Chronic pain, especially women’s pain, is often overlooked or undertreated by the medical community, as explicated by Williams (
Commute) through five devastating accounts. Dee had congenital abnormalities, childhood sexual abuse plus abusive parenting, continual torment from fibromyalgia, and finally bladder cancer. Growing up queer, Rain was born with a genetic abnormality that reduced their ability to fight infection, eventually identifying as a disabled, nonbinary trans woman amid chronic pain. Child gymnast Alex was sexually abused by doctor Larry Nassar under the guise of “treatment,” developing endometriosis and other agonizing disorders afterwards. Adriana fell into alcohol and substance addictions after extensive physical and emotional abuse as a child and subsequent depression. Herself belittled, bullied, and sexually assaulted in childhood, Williams hurt like “my body was trying to kill me,” despite her dogged but unsuccessful journey through medical treatments.

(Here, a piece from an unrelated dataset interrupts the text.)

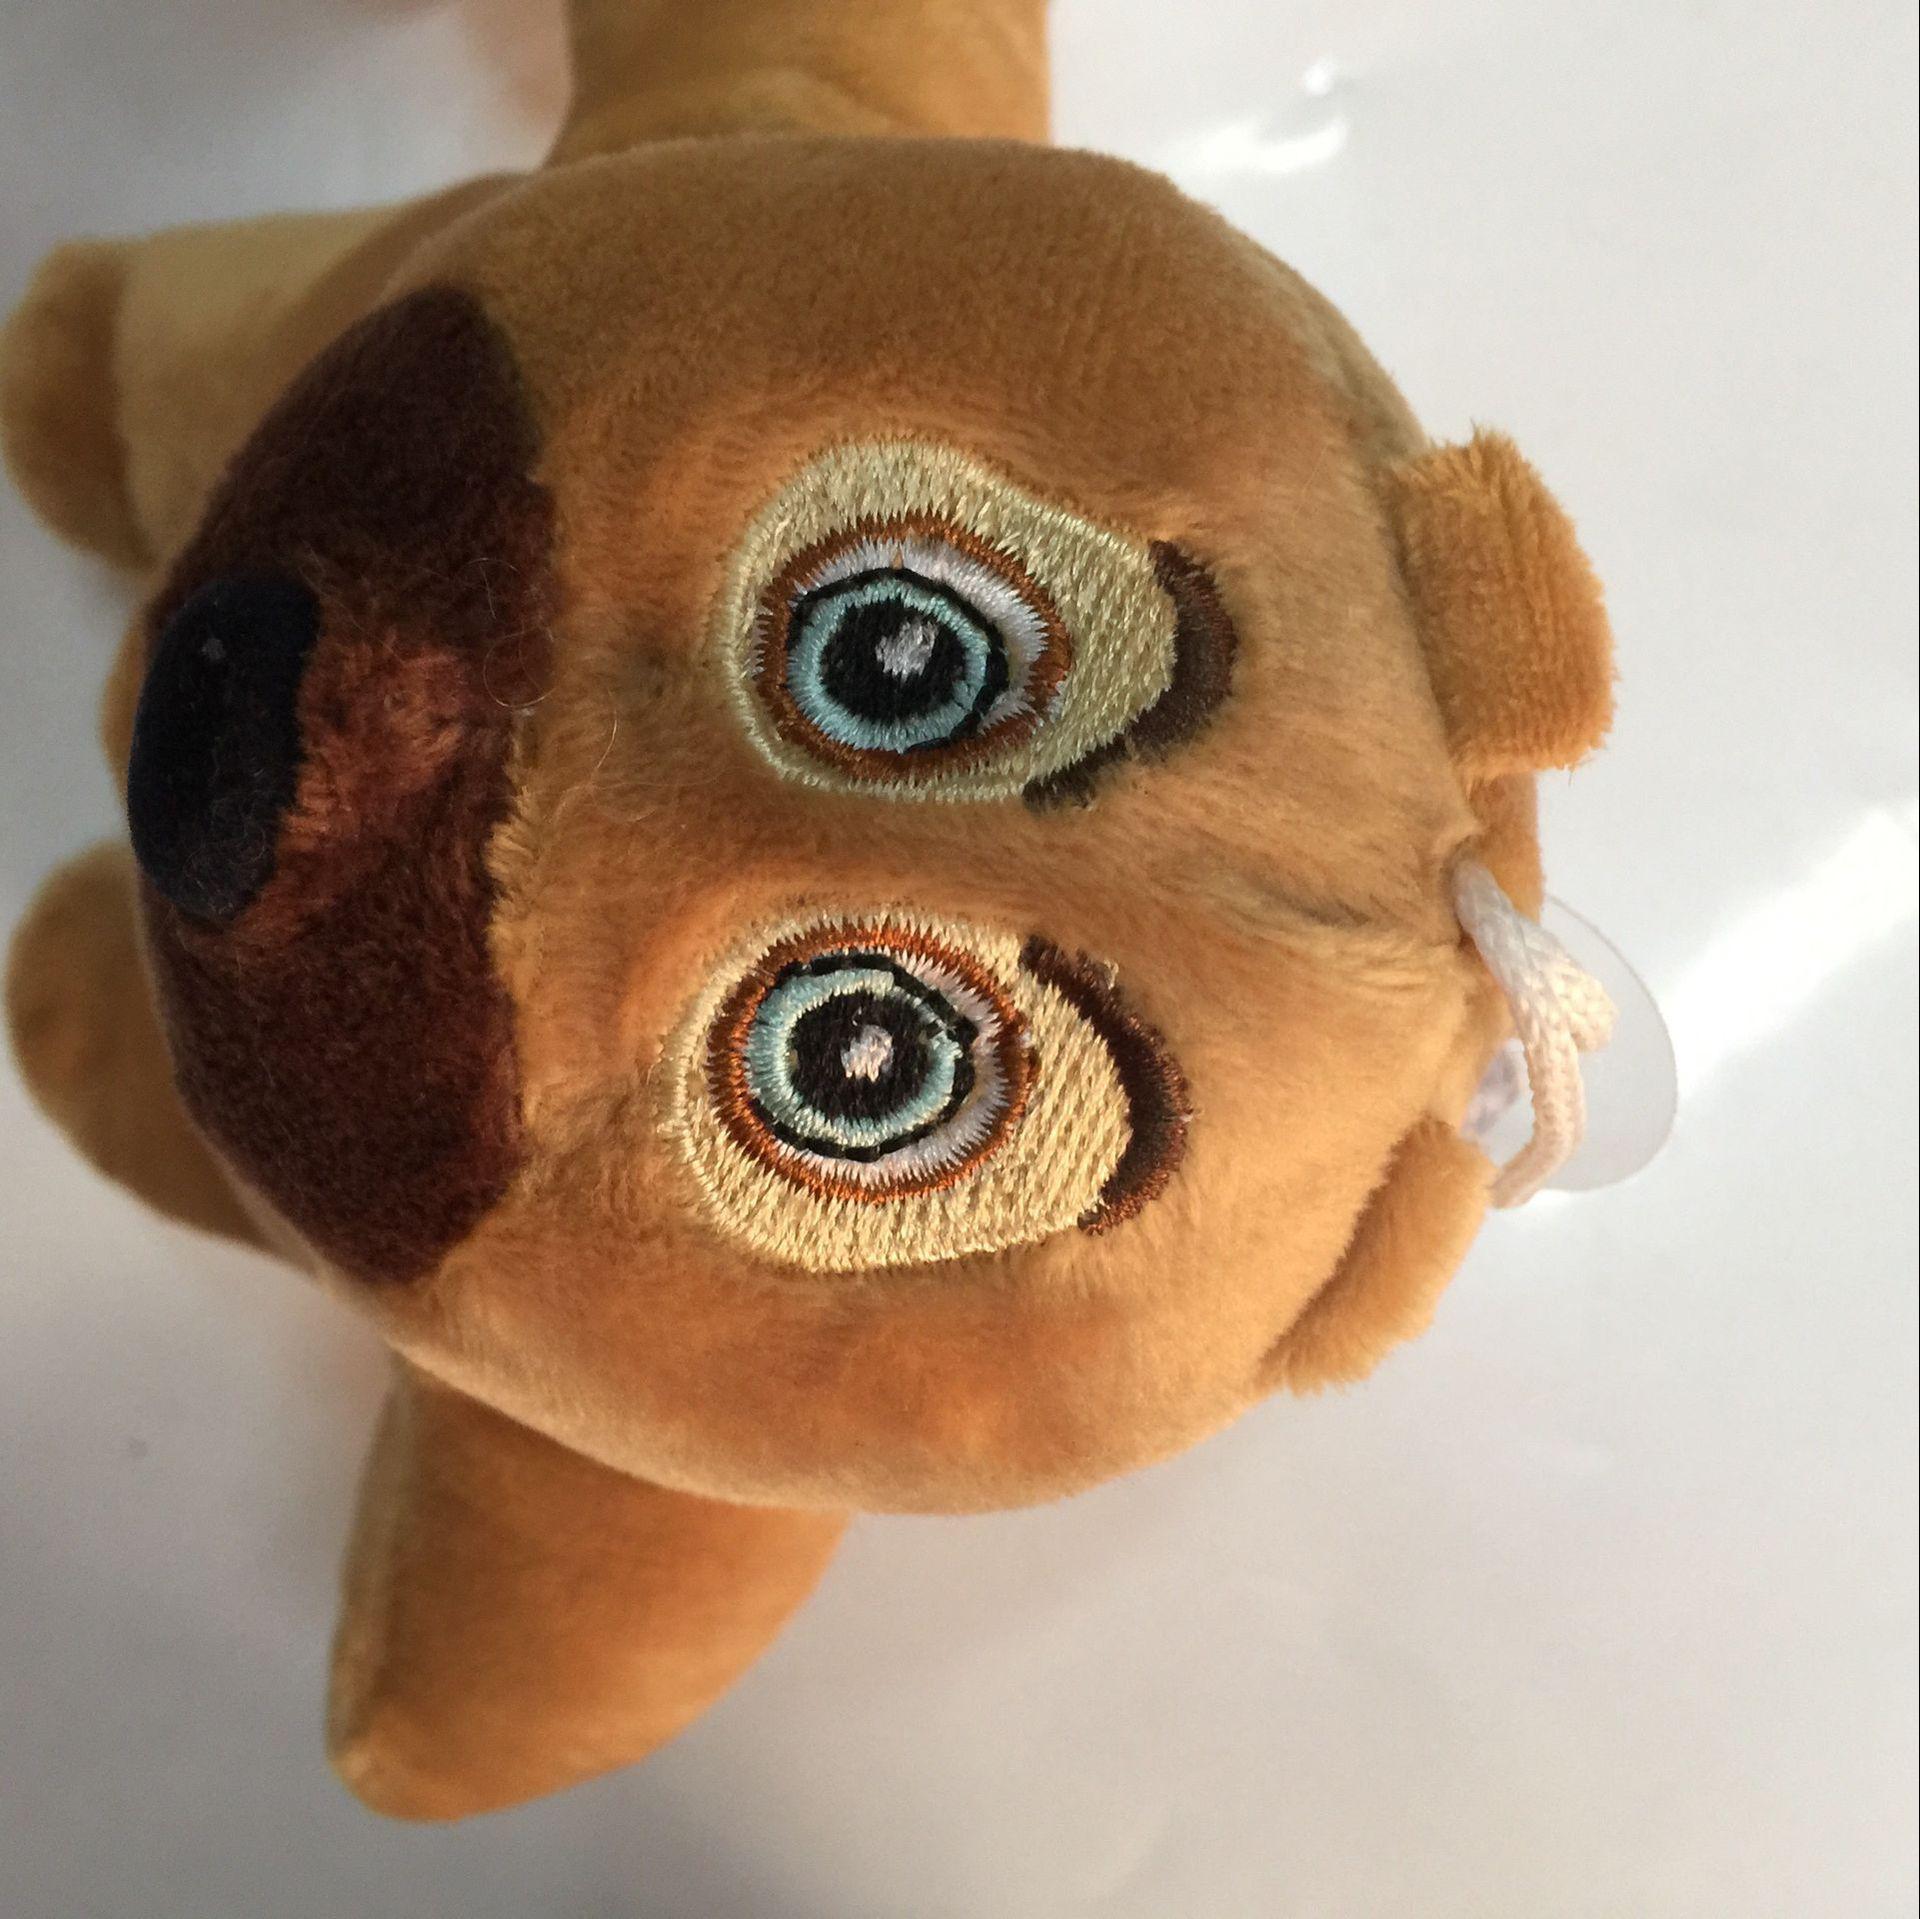 熊孩子表情包 布朗熊简笔画 搜美网 表情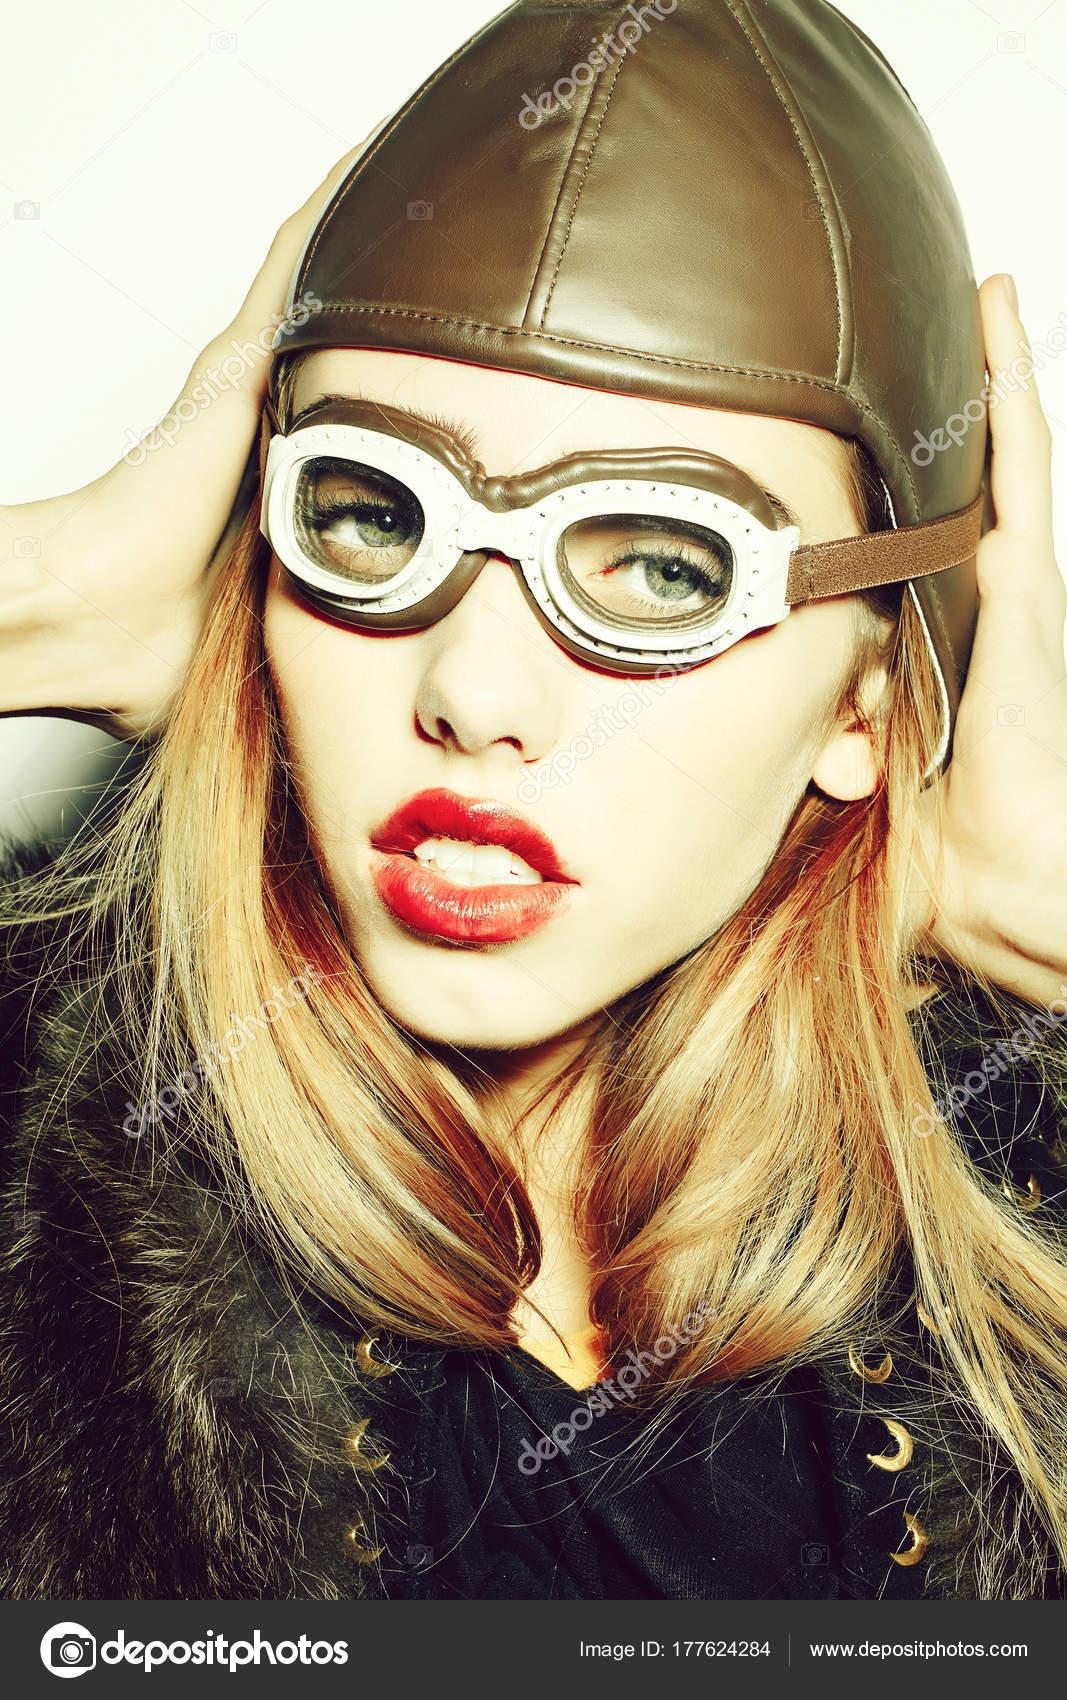 c9365d4545901 Sexy chica sorprendida moda joven o mujer piloto con hermosos labios rojos  en la cara bastante Linda aviación casquillo o sombrero y gafas aislados  sobre ...

Her limpid, disturbing artwork proffers striking visual metaphors: a doctor’s head topping a Pez dispenser of drugs, a ghost hooked up to an IV, statistics embodied by columns of bloodstained women, a woman without a torso embracing her own skeleton.
VERDICT The raw accounts of these five tormented women reveal a disturbingly ineffective health system. Vital for health collections in public and university libraries.